Collected material:
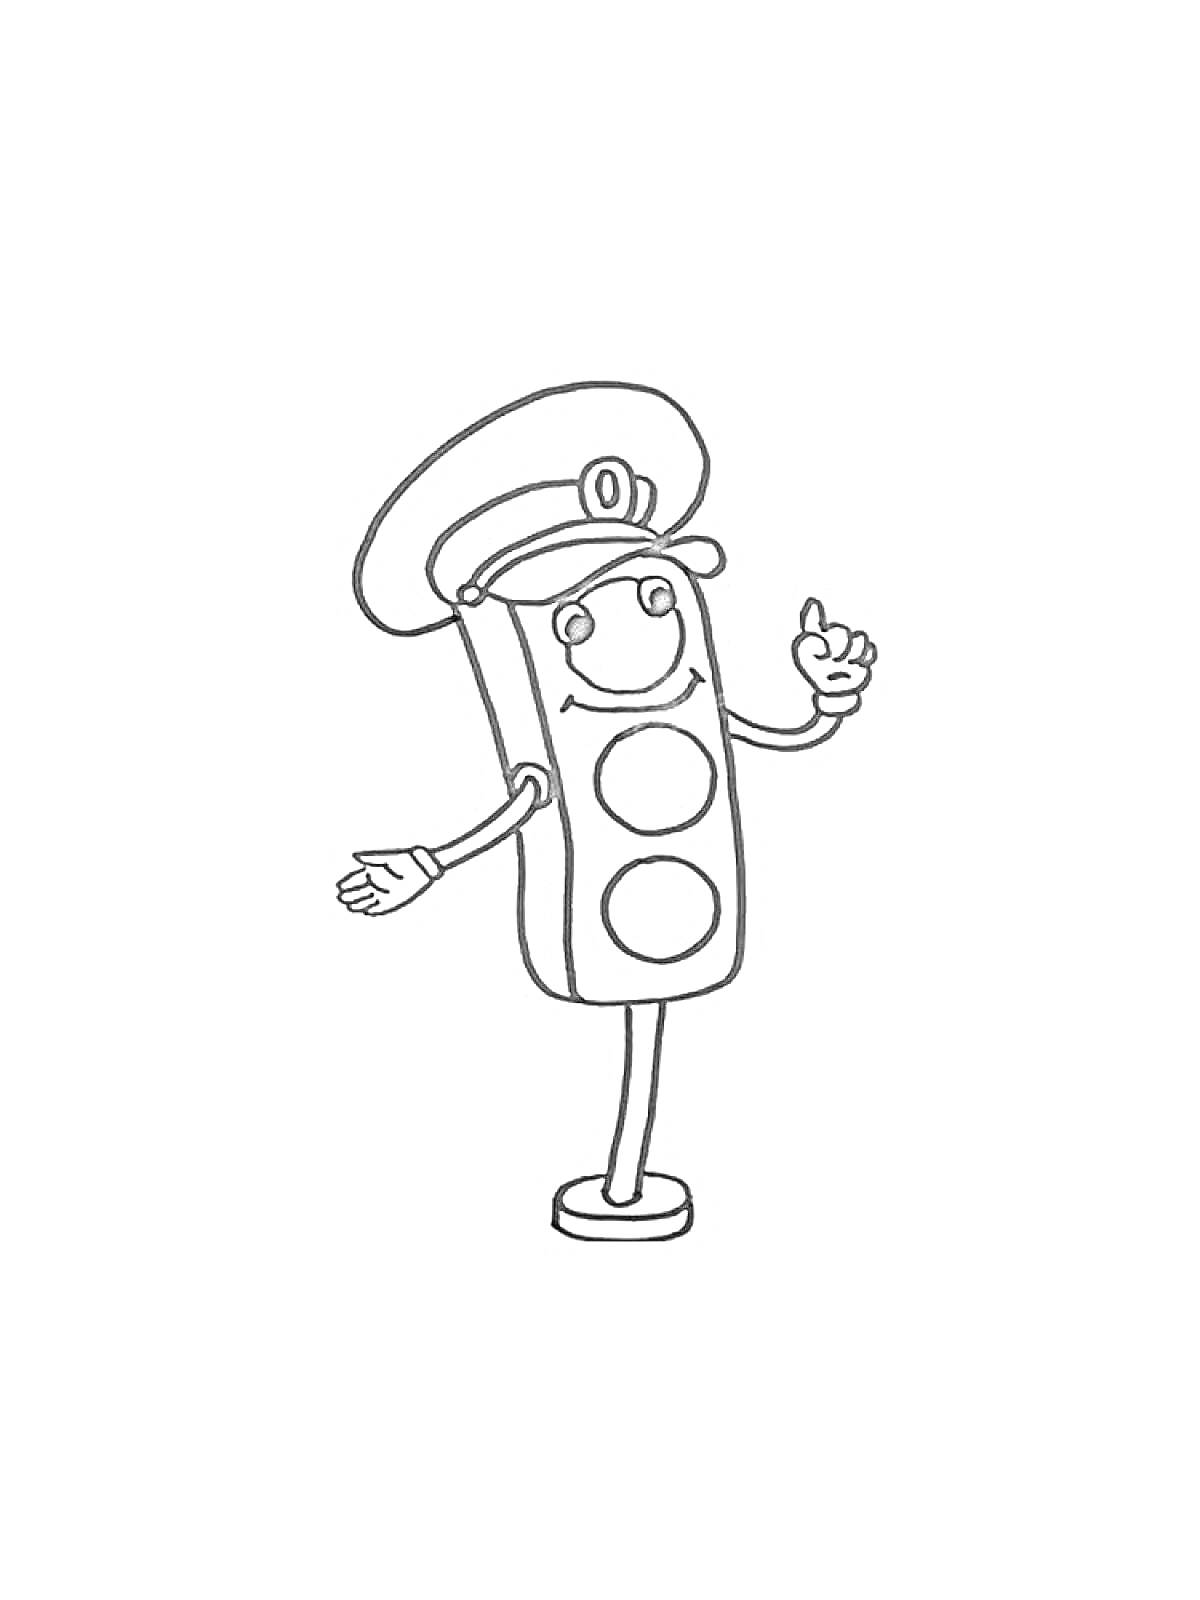 Светофор в форме сотрудника дорожной полиции с лицом, руками и ногами
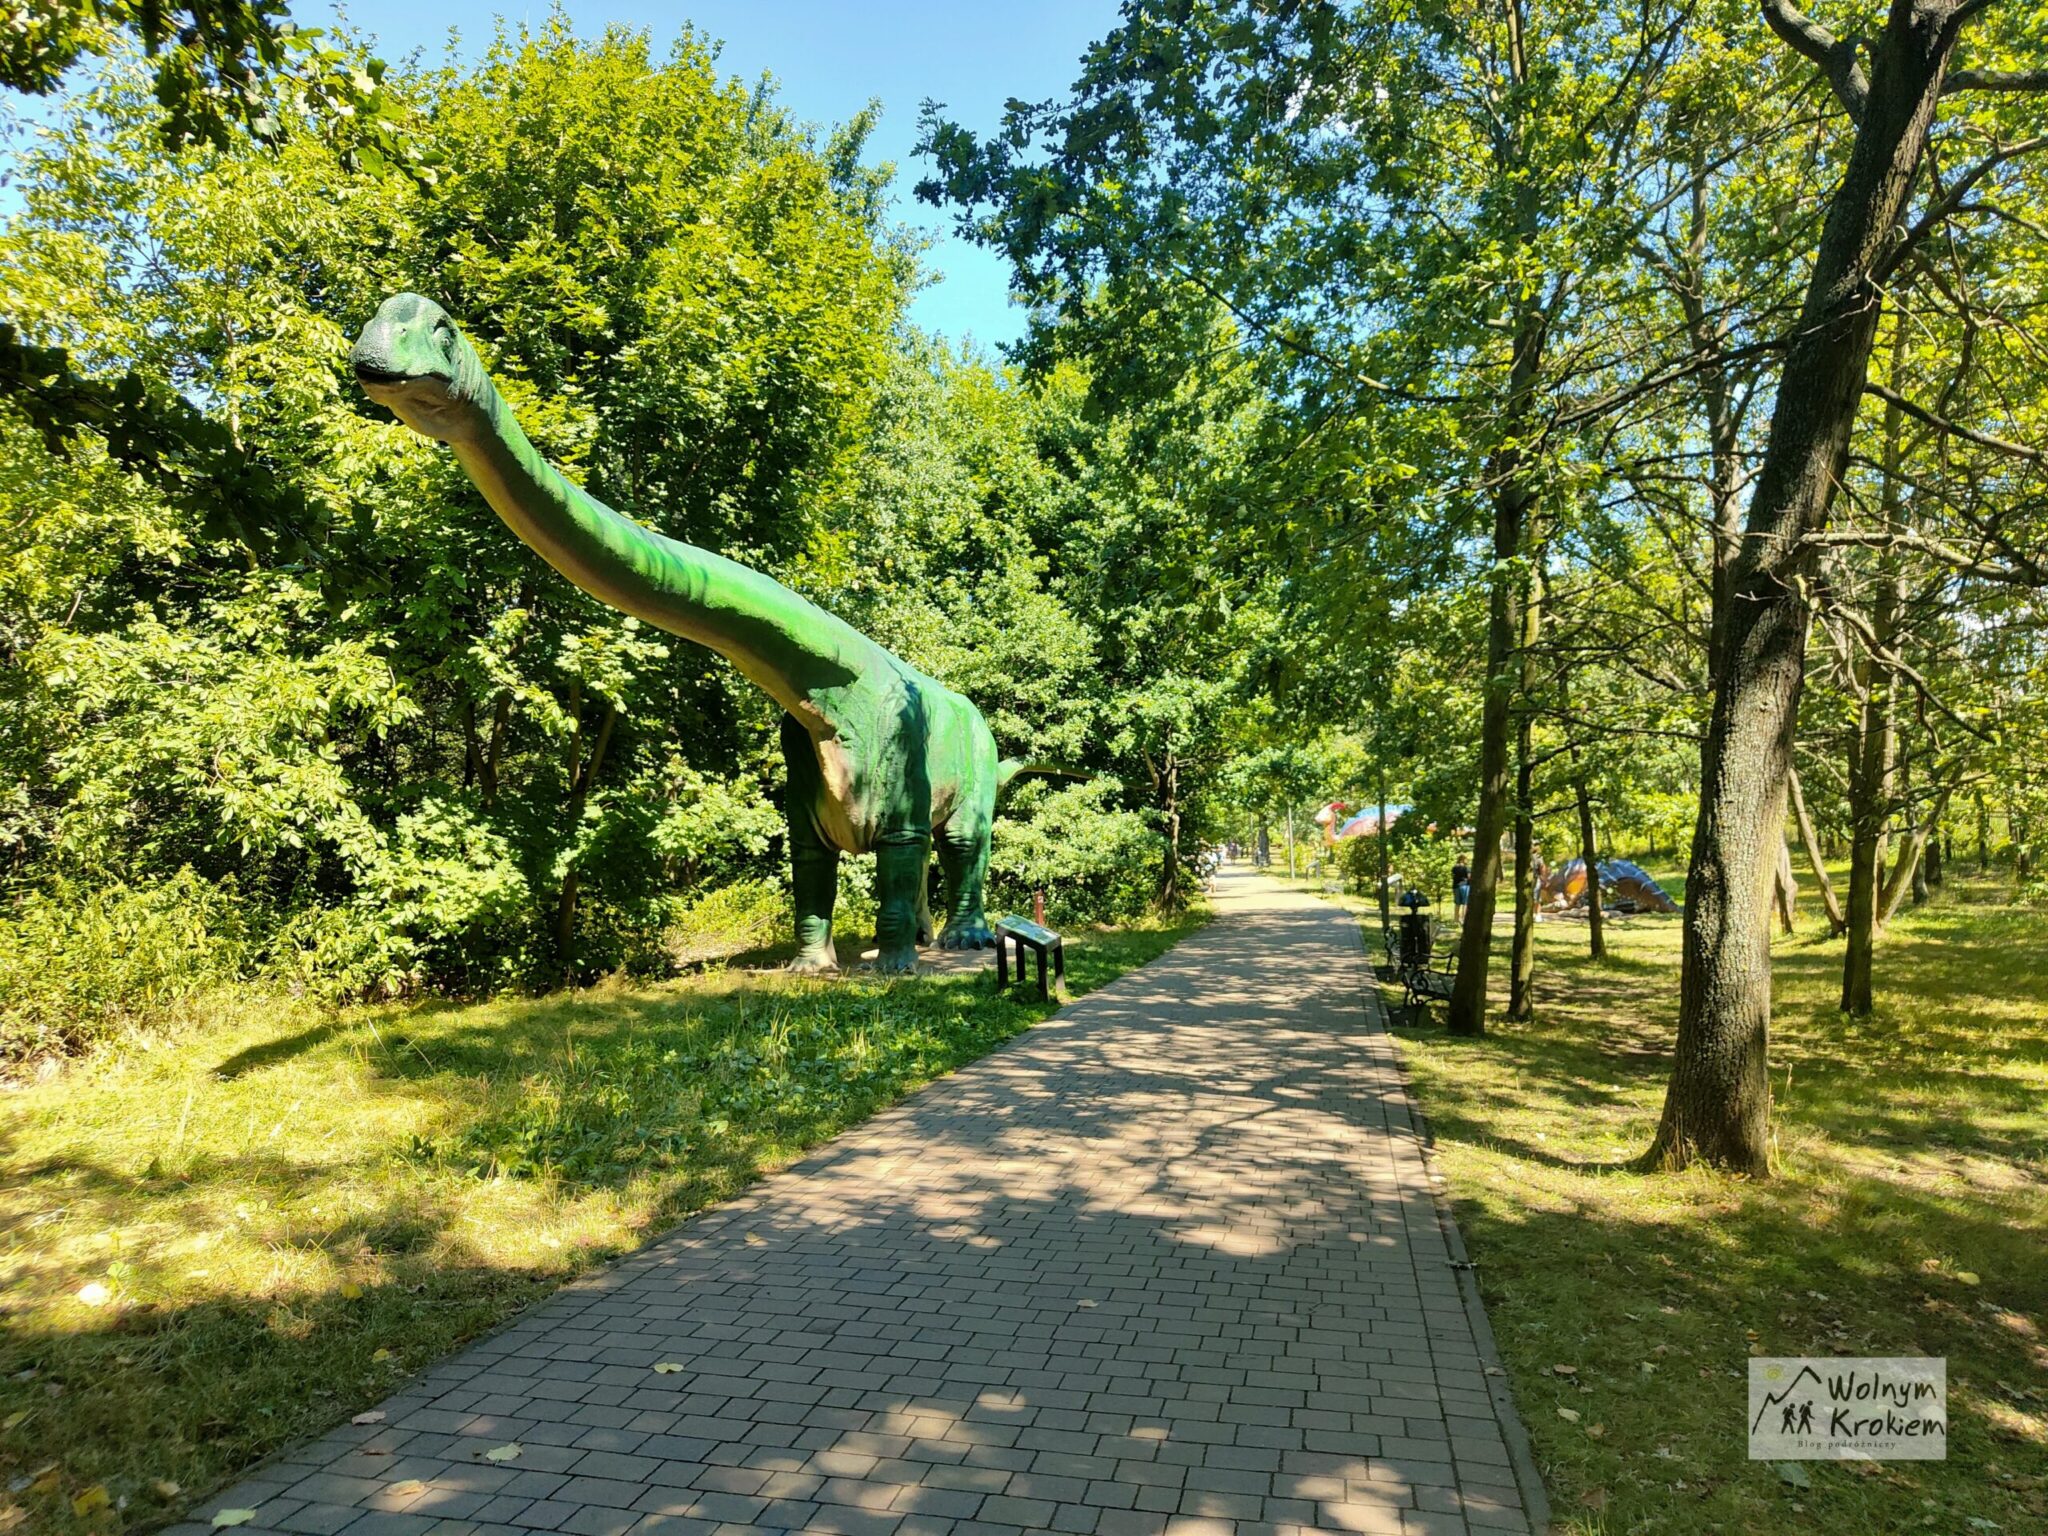 Park dinozaurów w Lubinie - darmowa ptaszarnia i mini zoo - Zoo Lubin
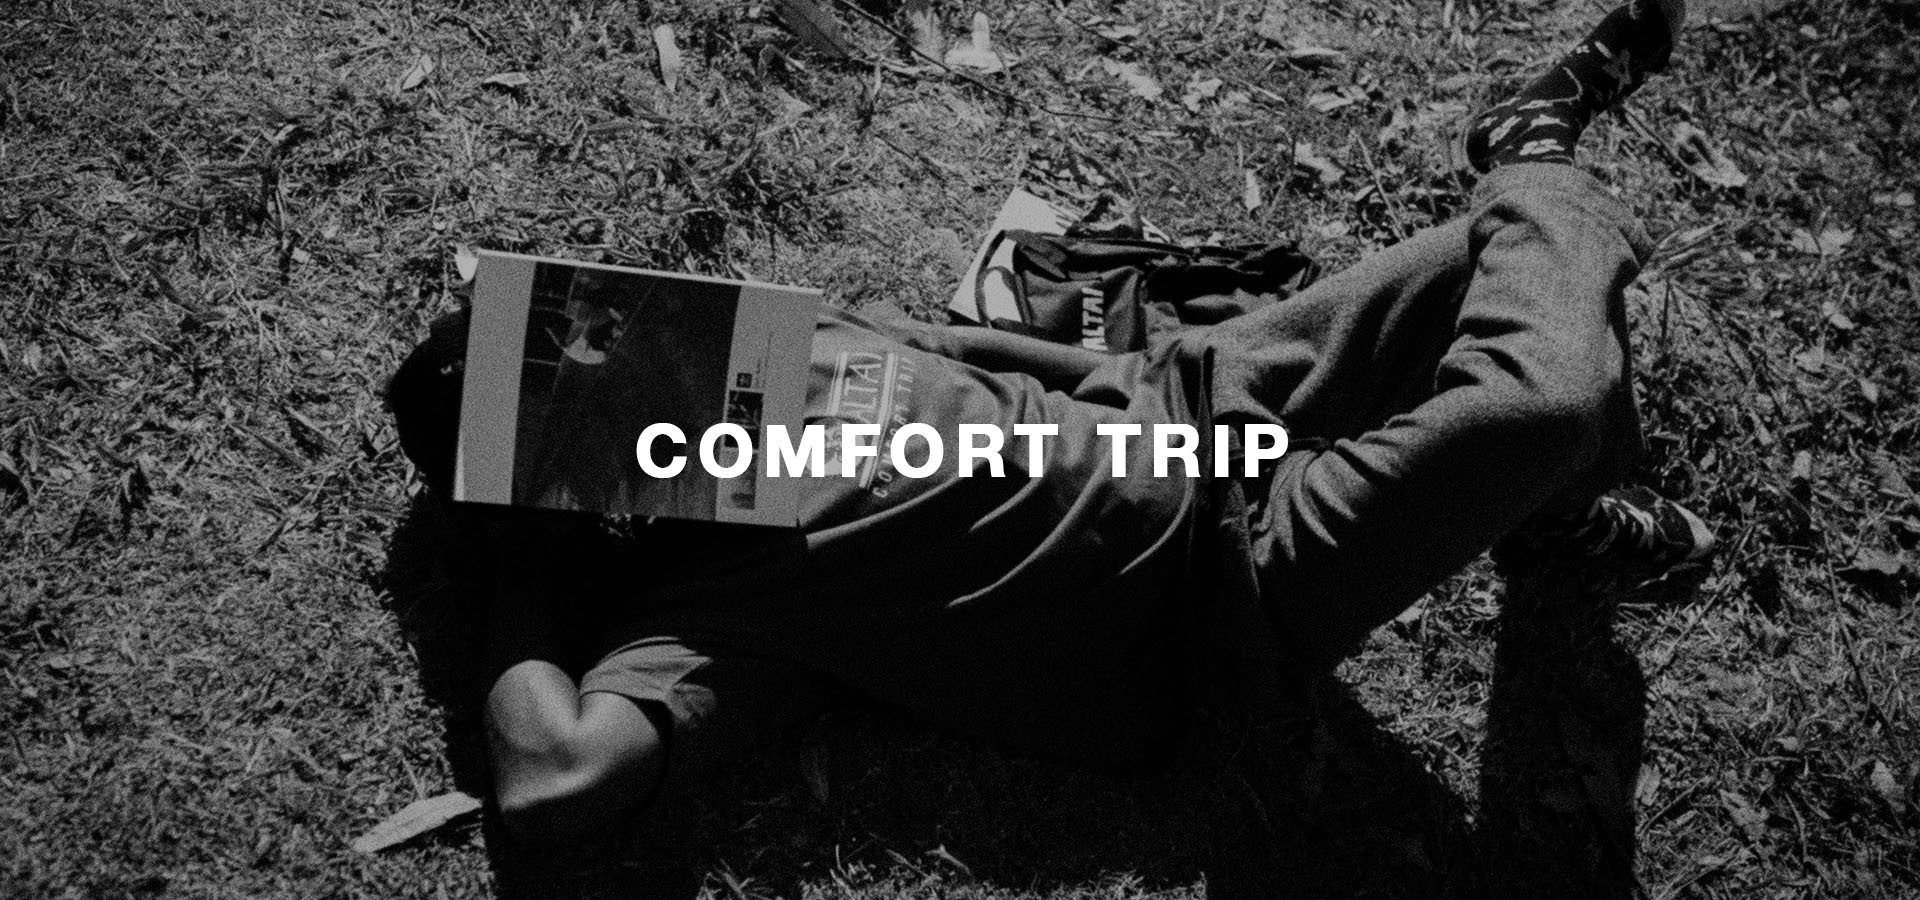 [Campanha] Fullbanner - Comfort Trip
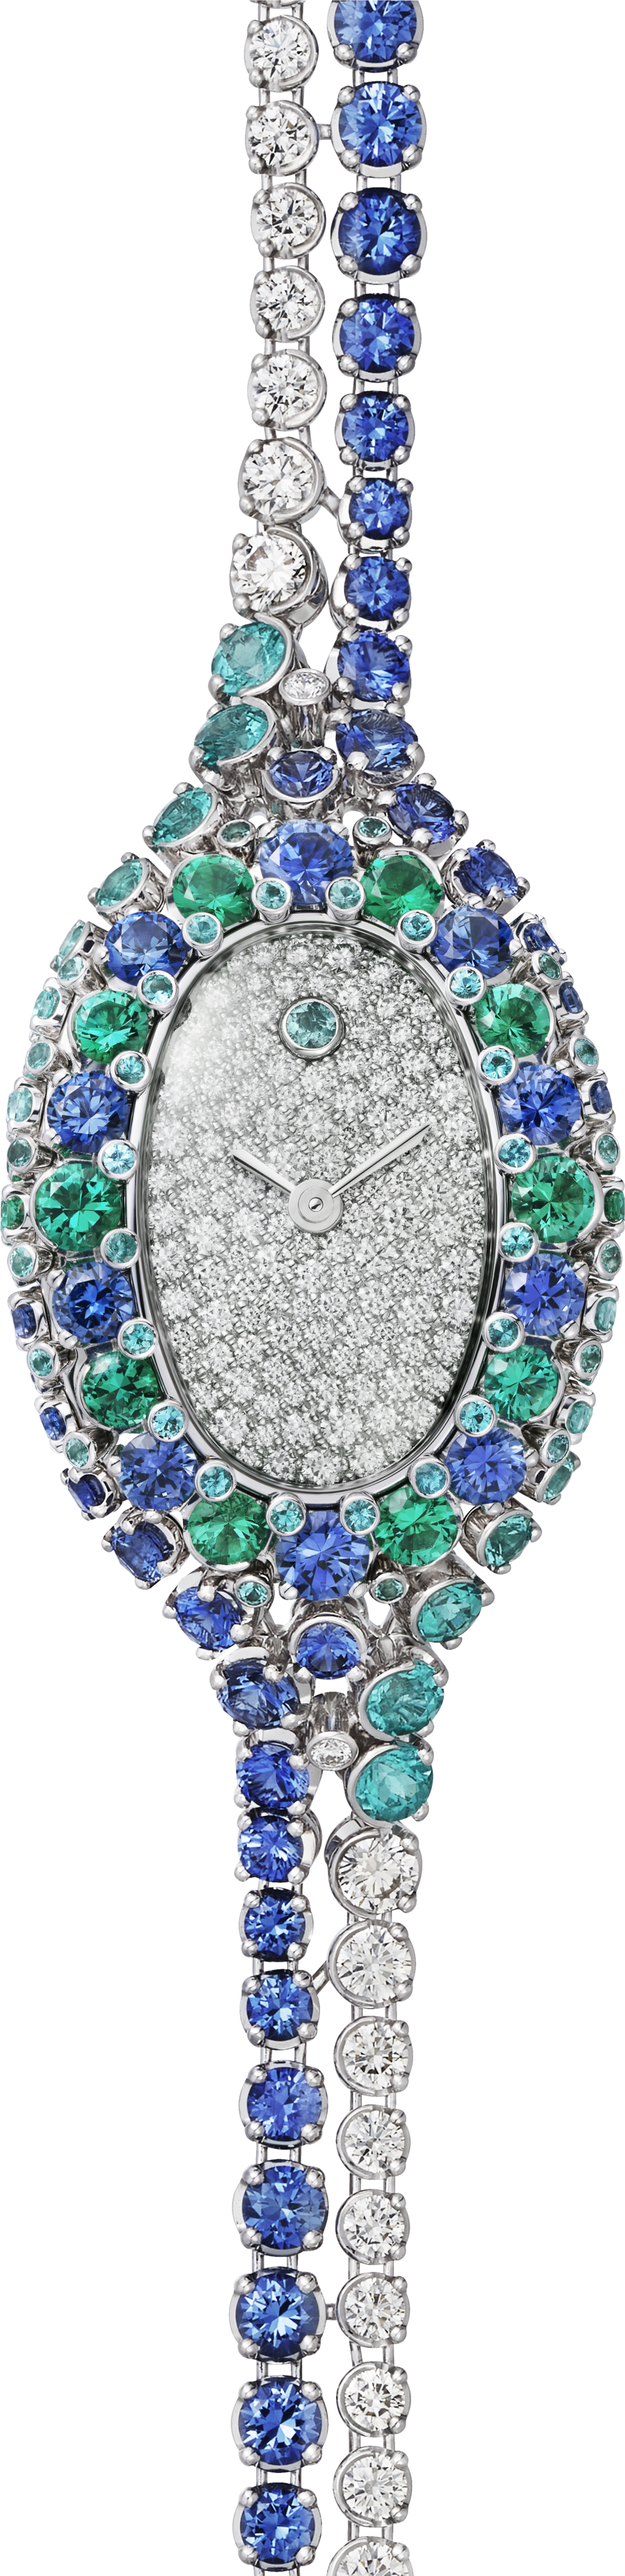 Reloj joya BaignoireTamaño mini, movimiento de cuarzo, oro blanco, zafiros, esmeraldas, turmalinas azules

Work required:
What you give back must be the data above, reproduced exactly and free of pictures.

Solution for this problem:
 Светофор в форме сотрудника дорожной полиции с лицом, руками и ногами
 Park dinozaurów w Lubinie - darmowa ptaszarnia i mini zoo - Zoo Lubin
 [Campanha] Fullbanner - Comfort Trip
 Reloj joya BaignoireTamaño mini, movimiento de cuarzo, oro blanco, zafiros, esmeraldas, turmalinas azules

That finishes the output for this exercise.